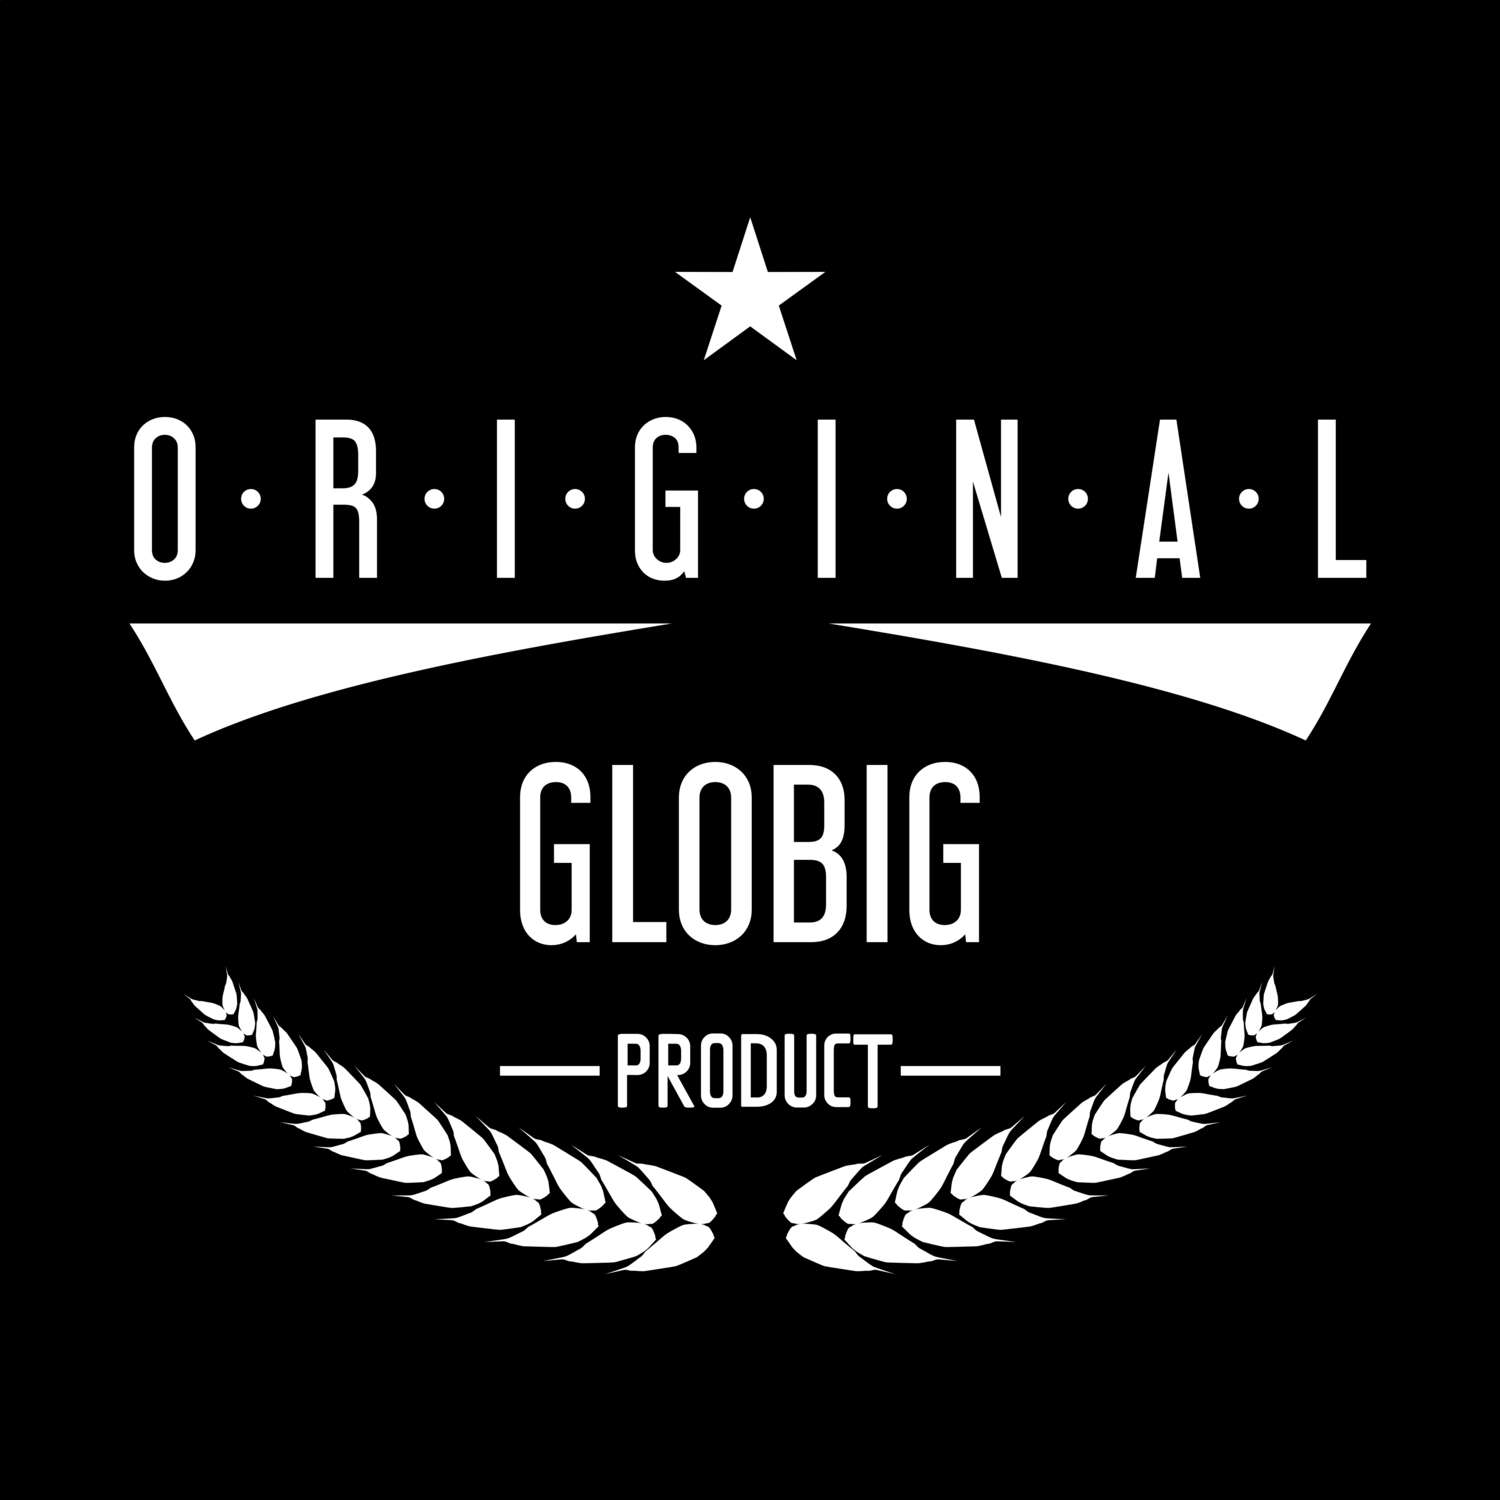 Globig T-Shirt »Original Product«
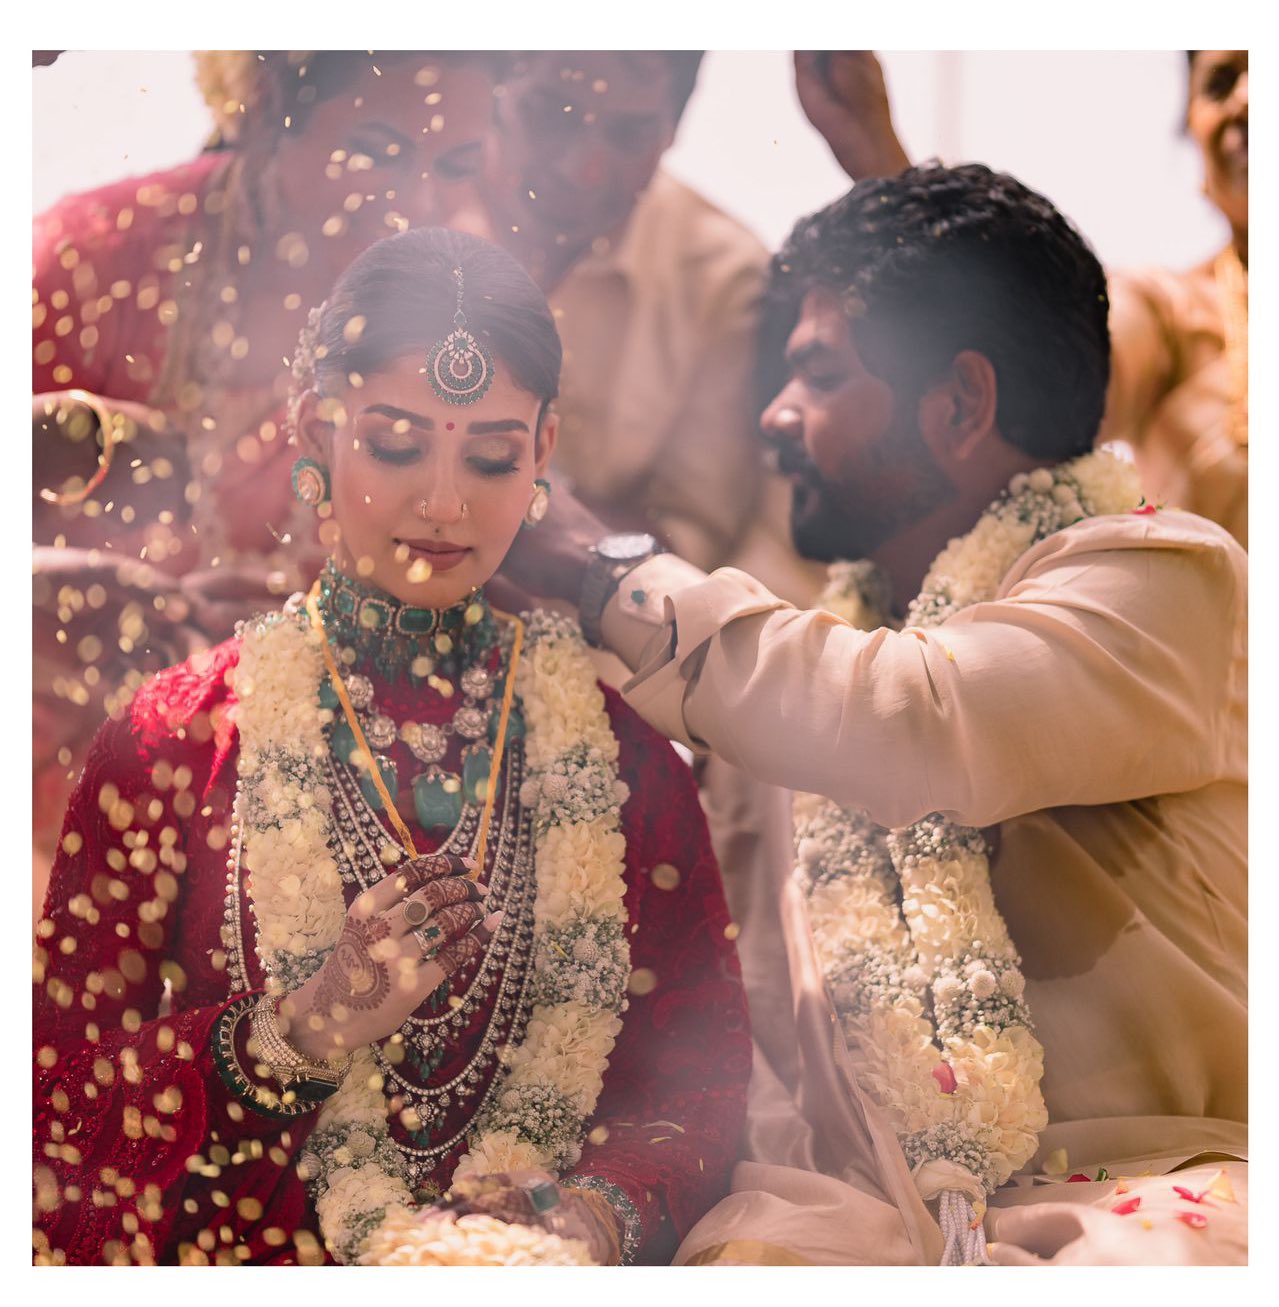 Vignesh shivan releases honeymoon romantic photos on social media
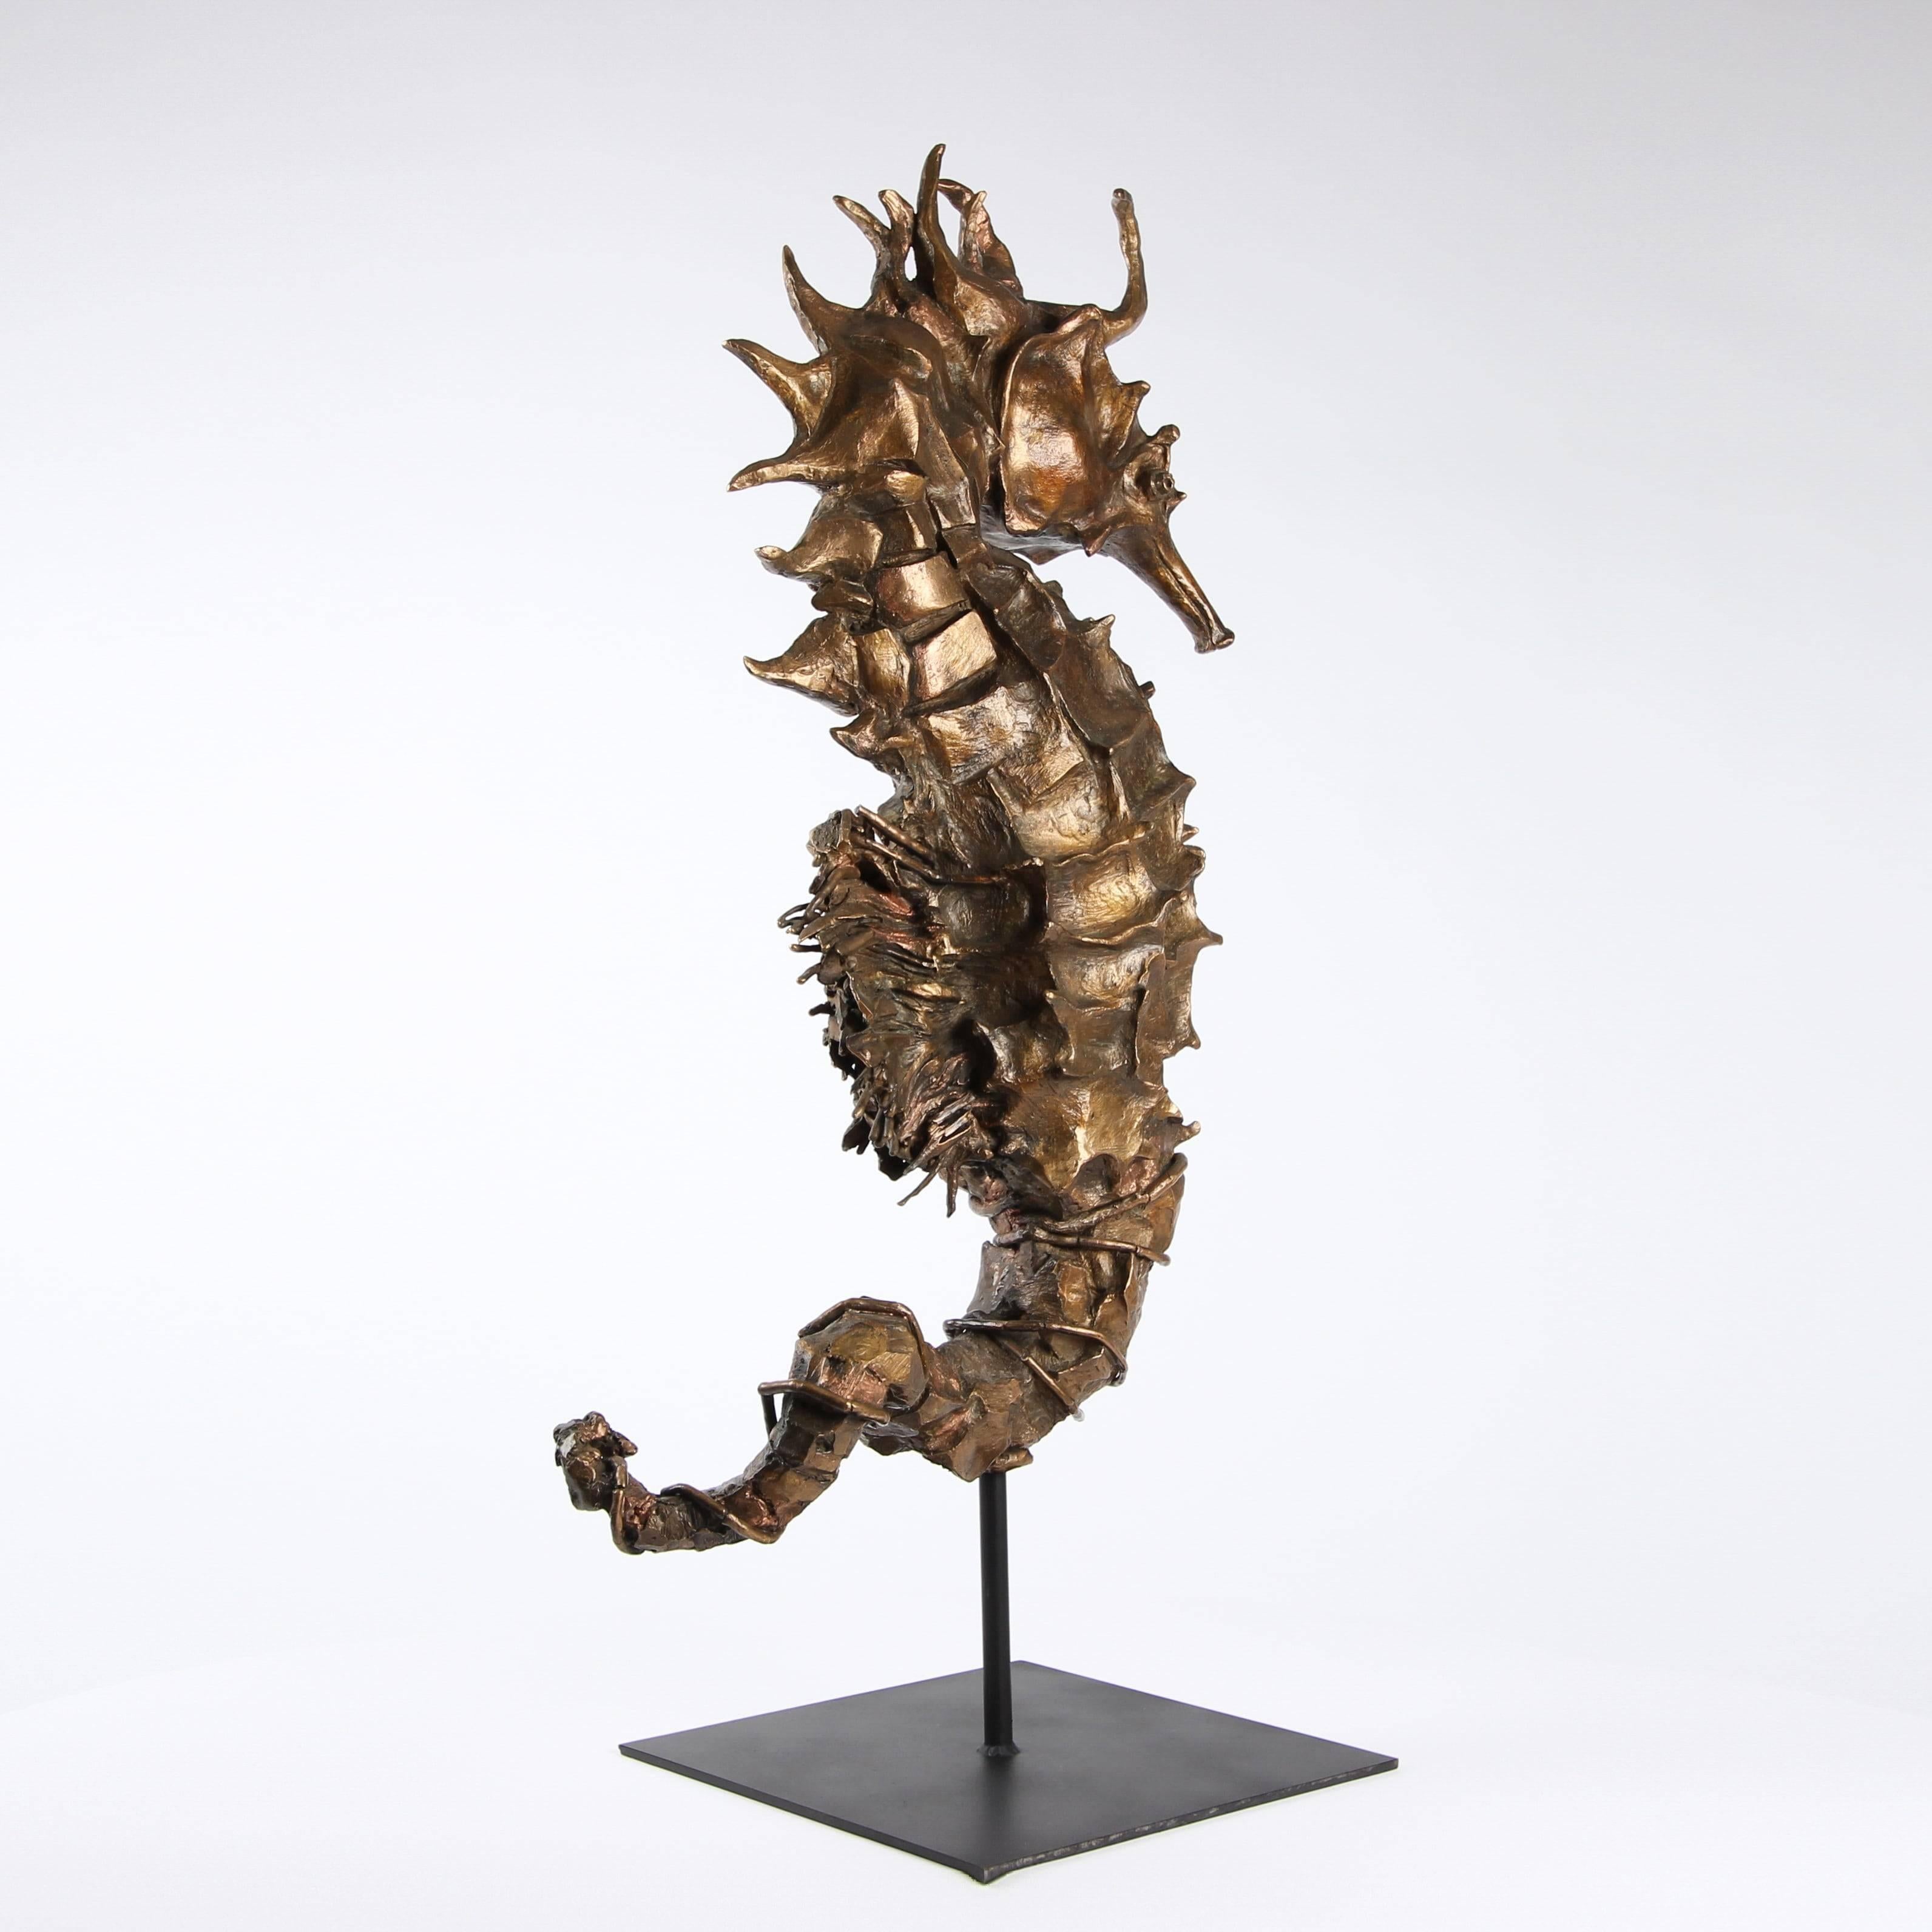 Seahorse Rex Gold by Chésade - Sealife bronze sculpture For Sale 4
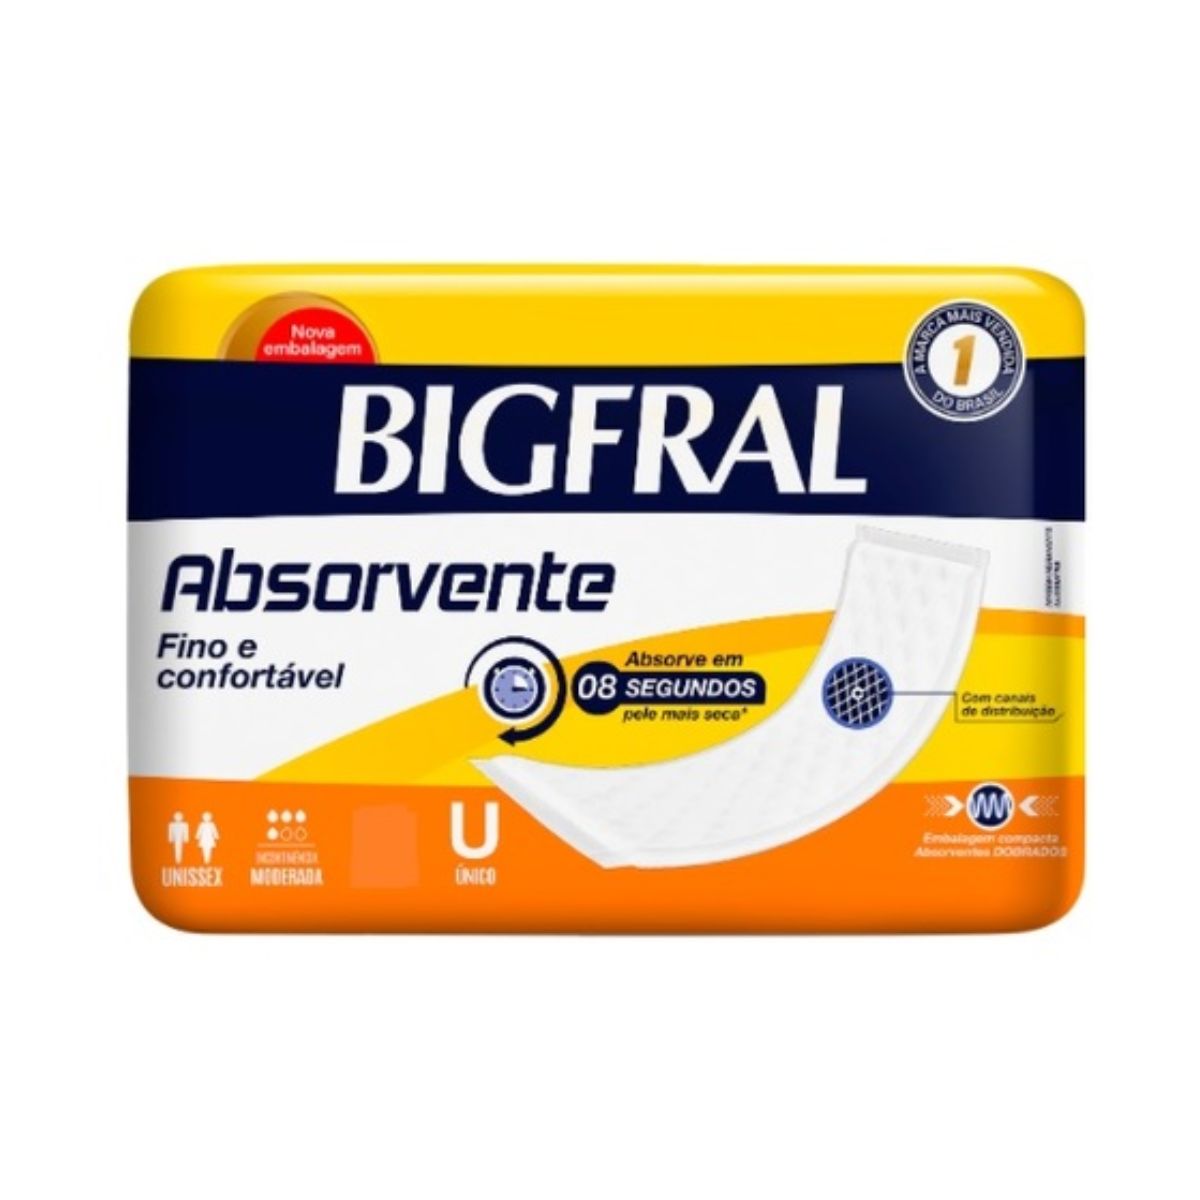 absorvente-bigfral-20-unidades-1.jpg

= = = =

Restate all the material verbatim; omit every picture.

 Globig T-Shirt »Original Product«
 Vignesh shivan releases honeymoon romantic photos on social media
 Seahorse Rex Gold by Chésade - Sealife bronze sculpture For Sale 4
 absorvente-bigfral-20-unidades-1.jpg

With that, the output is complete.